There’s a lot of baseball writing online — you’re reading some now — but thanks to Twitter, I learned about a woman named Rachel McDaniel.
I’m a 46-year-old guy from Massachusetts who’s a Yankees fan, and she’s a 20-, maybe 21-year-old Blue Jays fan from Vancouver.
We’ve never met, and chances are good we never will, but we have baseball in common, and I think she’s an absolutely wonderful writer. Her style is her own, it’s personal and I’m a huge fan.
So first, read this story on Doug Ault. (Who? Don’t ask questions; just read it.)
Then follow her on Twitter.
Thank me later.
Every at-bat is its own story, with any number of possible endings.

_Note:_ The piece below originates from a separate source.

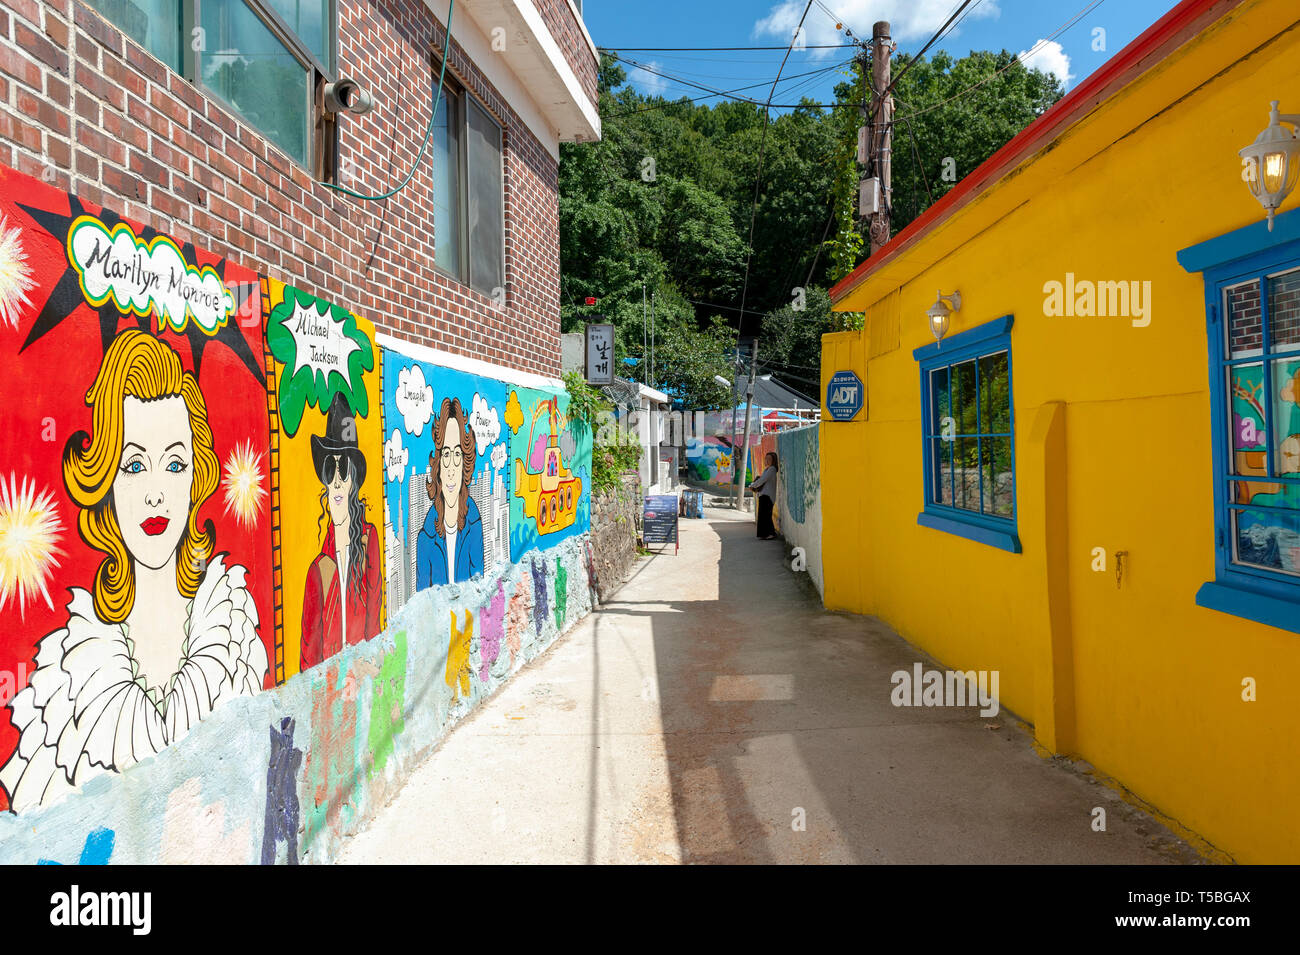 Colourful paintings and decorations on walls and buildings at Jaman Mural Village, located near Jeonju Hanok Village in Jeonju, South Korea Stock Photo

Most are routine, forgettable. But sometimes, something you really wanted to see happen … happens. (And you time the record button on your phone just right.)
And sometimes Chasen Shreve gives up a walkoff homer on the only pitch he throws, proving you can be terrible, but as long as you’re terrible with your left arm, you can keep a job pitching in the majors. (I should have tried it.)
All of those at-bats — routine, exciting, stuff you’ve never seen, stuff no one has ever seen — make up the story of a game. That’s one of the things I used to love about Vin Scully’s announcing; he approached the game as a nine-inning journey that we were all going to take together.
And all those games, all of those individual stories made up of individual at-bats, make up the story of a season. It starts in early April (or late March) and continues through late September and early October.
Then the postseason starts, which is a story all its own.